ACTIVITY
Repeat the data verbatim, images excluded.

==== INFORMATION SUPPLIED

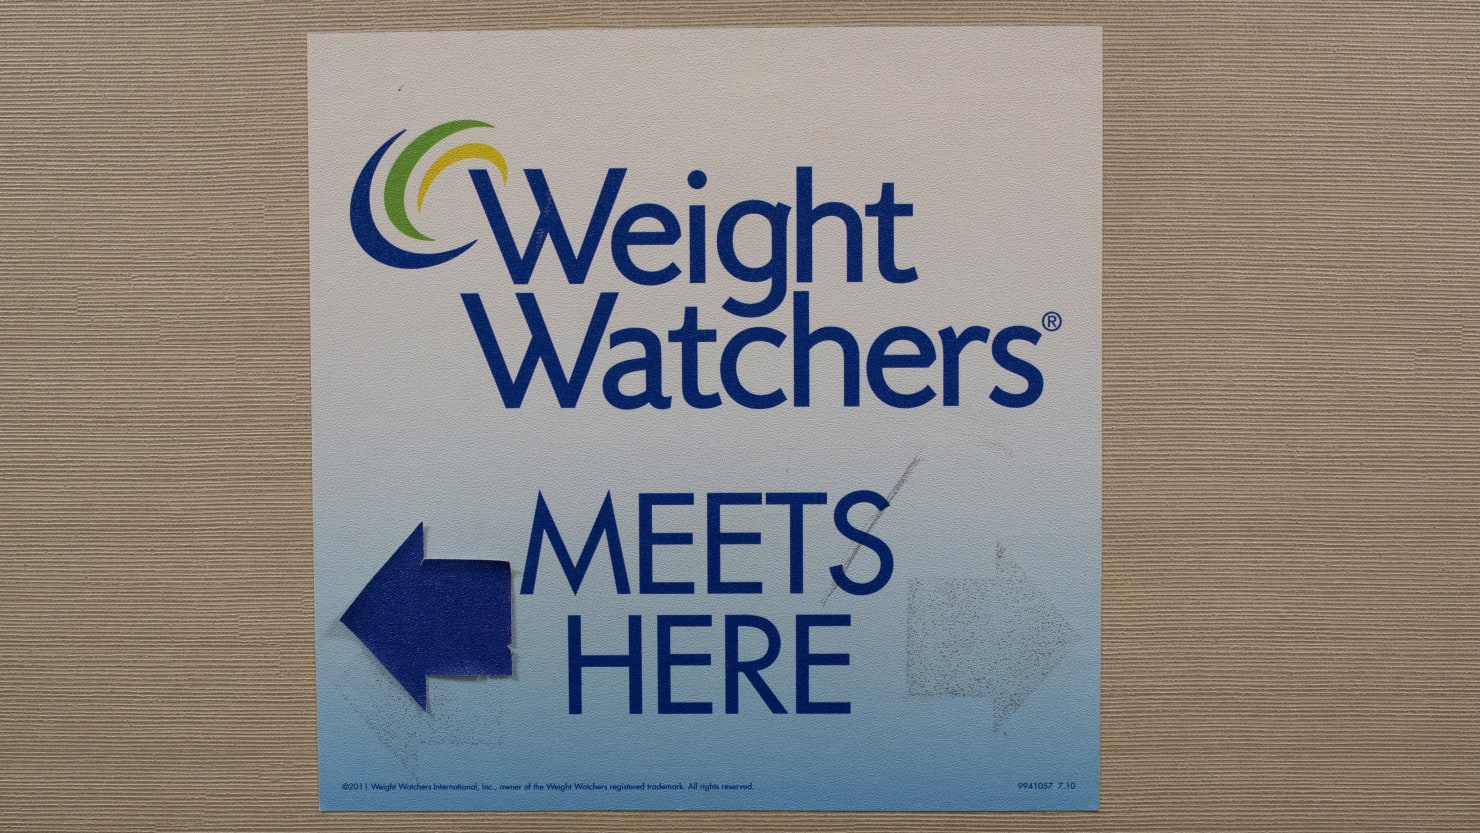 WeightWatchers to enter prescription drug weight loss business
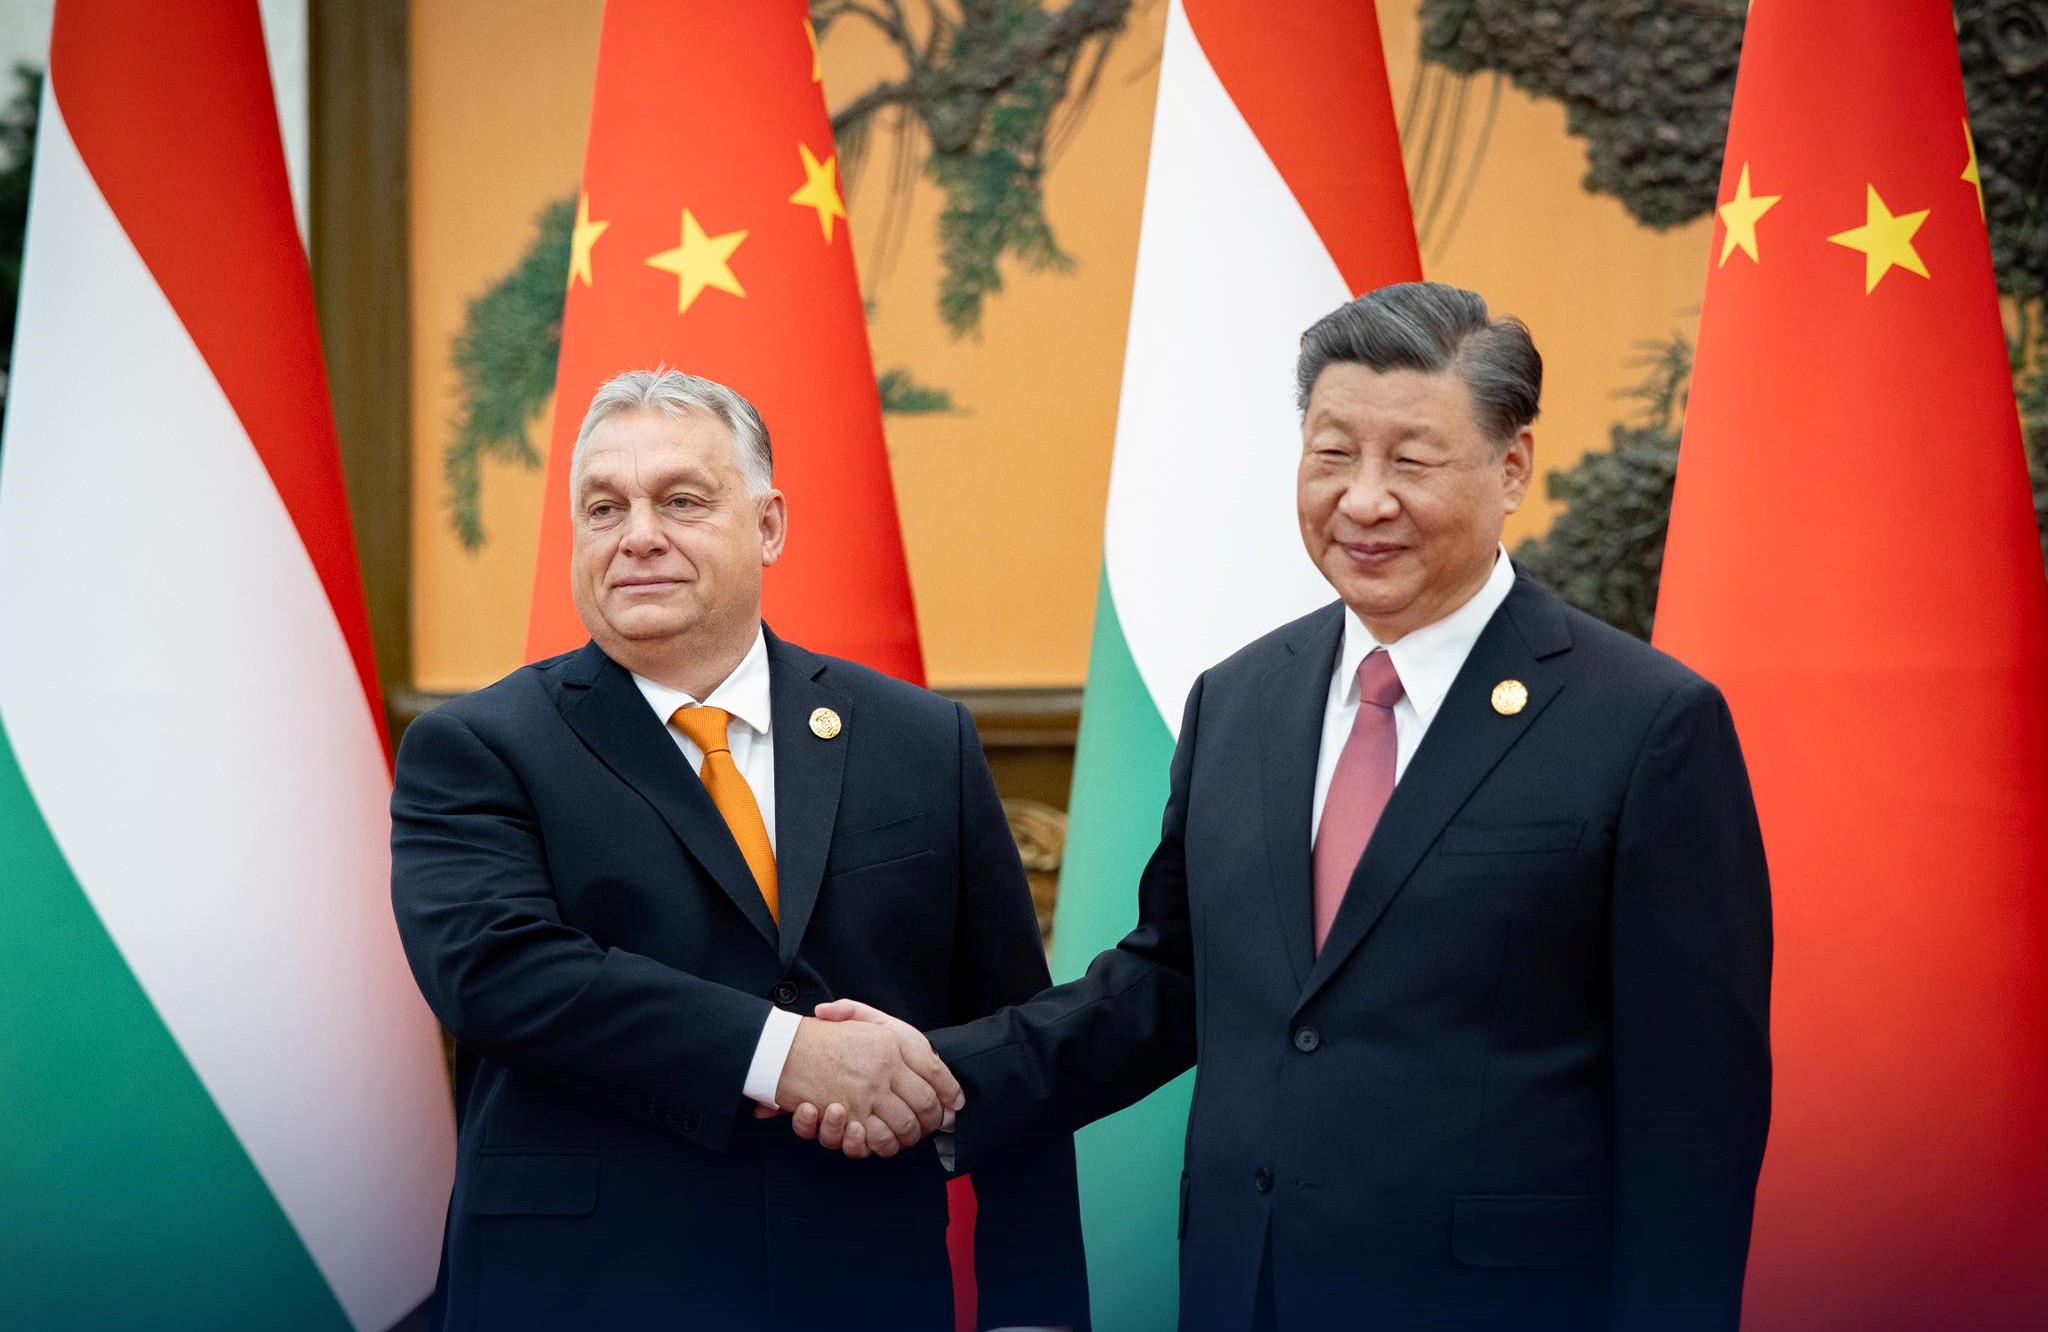 Ambassador Expects Hungary to Pursue “Rational and Pragmatic Policy” towards China
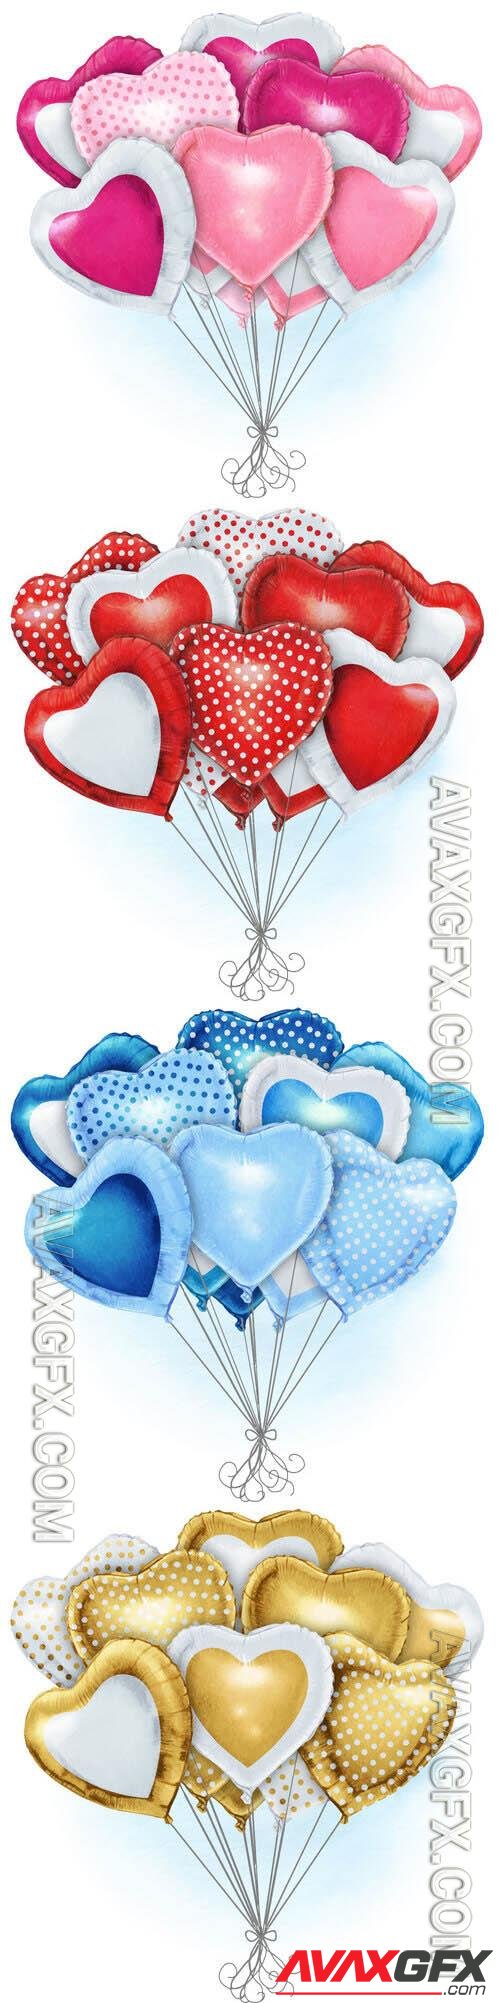 Hand drawn heart shaped realistic ballooons - Watercolor vector illustration
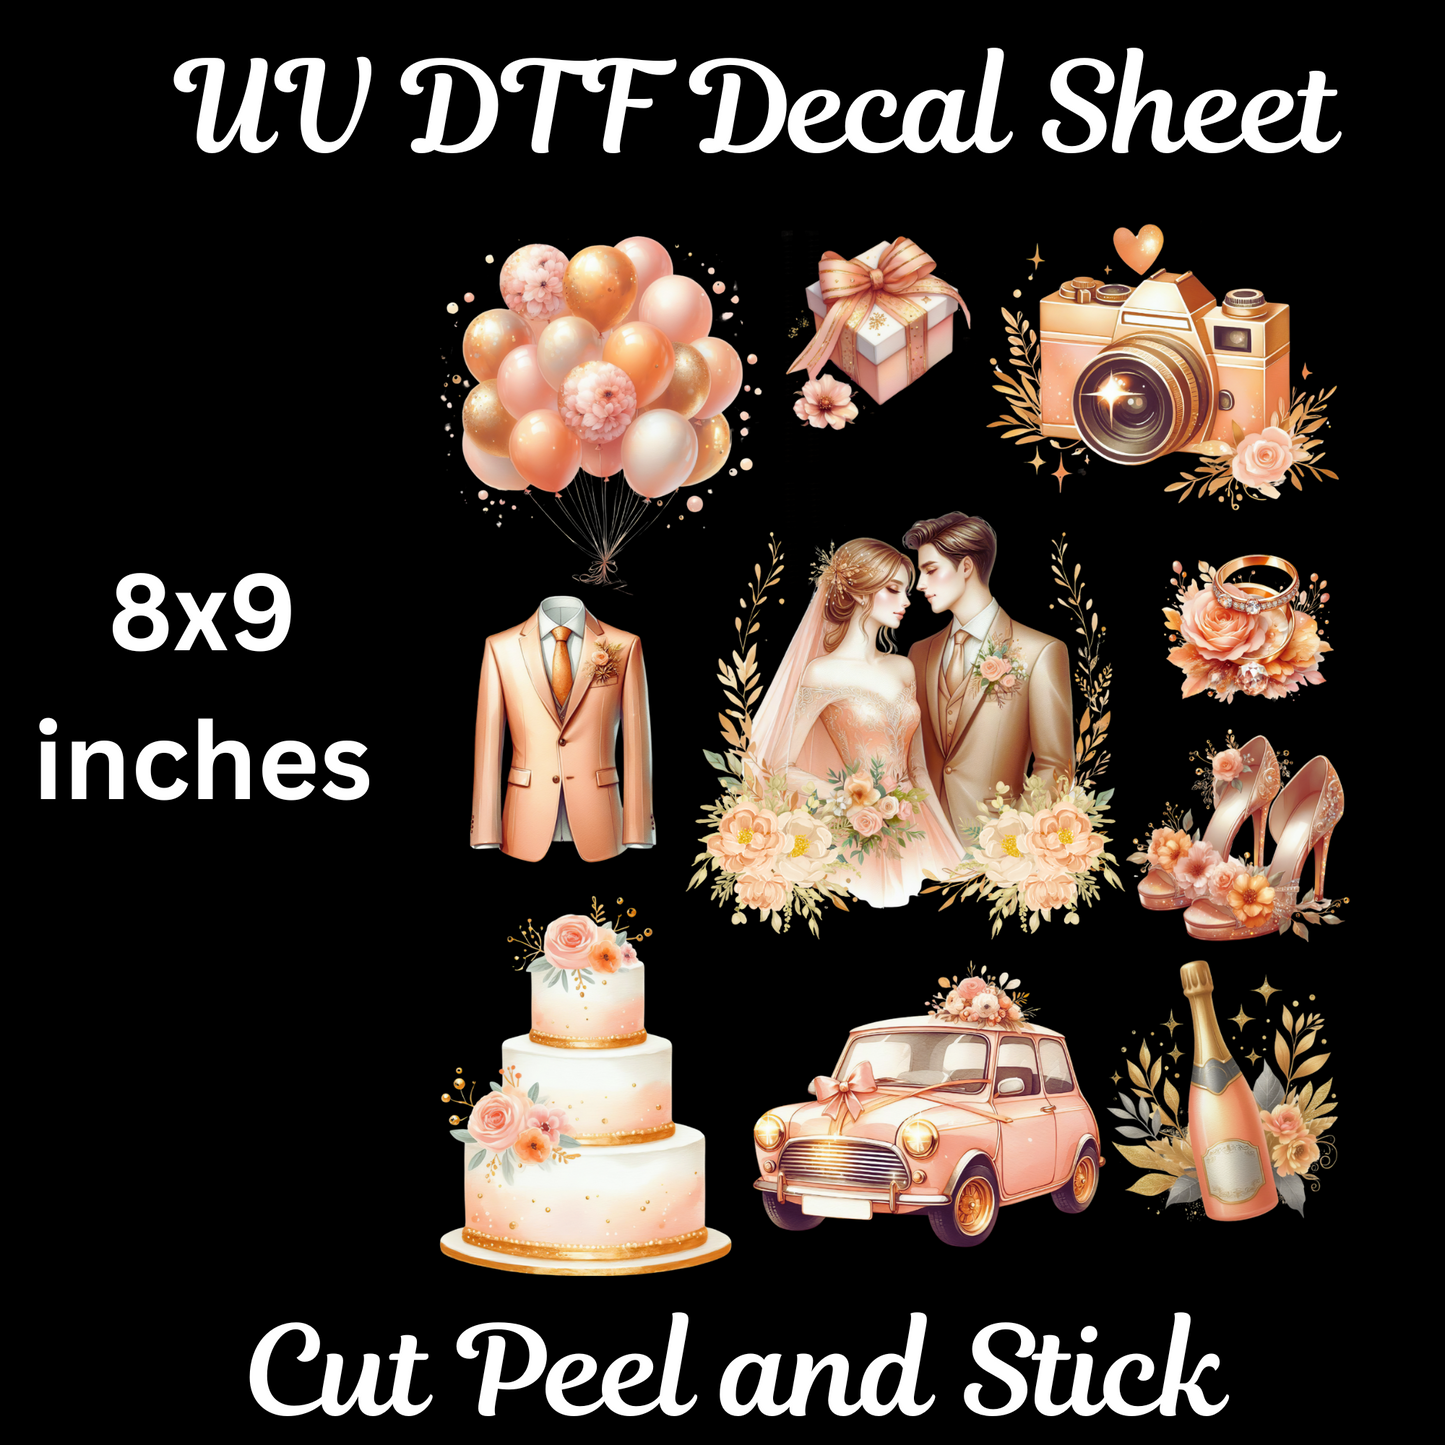 Peach Bride UV DTF Decal Sheet 8x9 inches

========

FINAL ANSWER
 WeightWatchers to enter prescription drug weight loss business
 Ambassador Expects Hungary to Pursue “Rational and Pragmatic Policy” towards China
 Hand drawn heart shaped realistic ballooons - Watercolor vector illustration
 Peach Bride UV DTF Decal Sheet 8x9 inches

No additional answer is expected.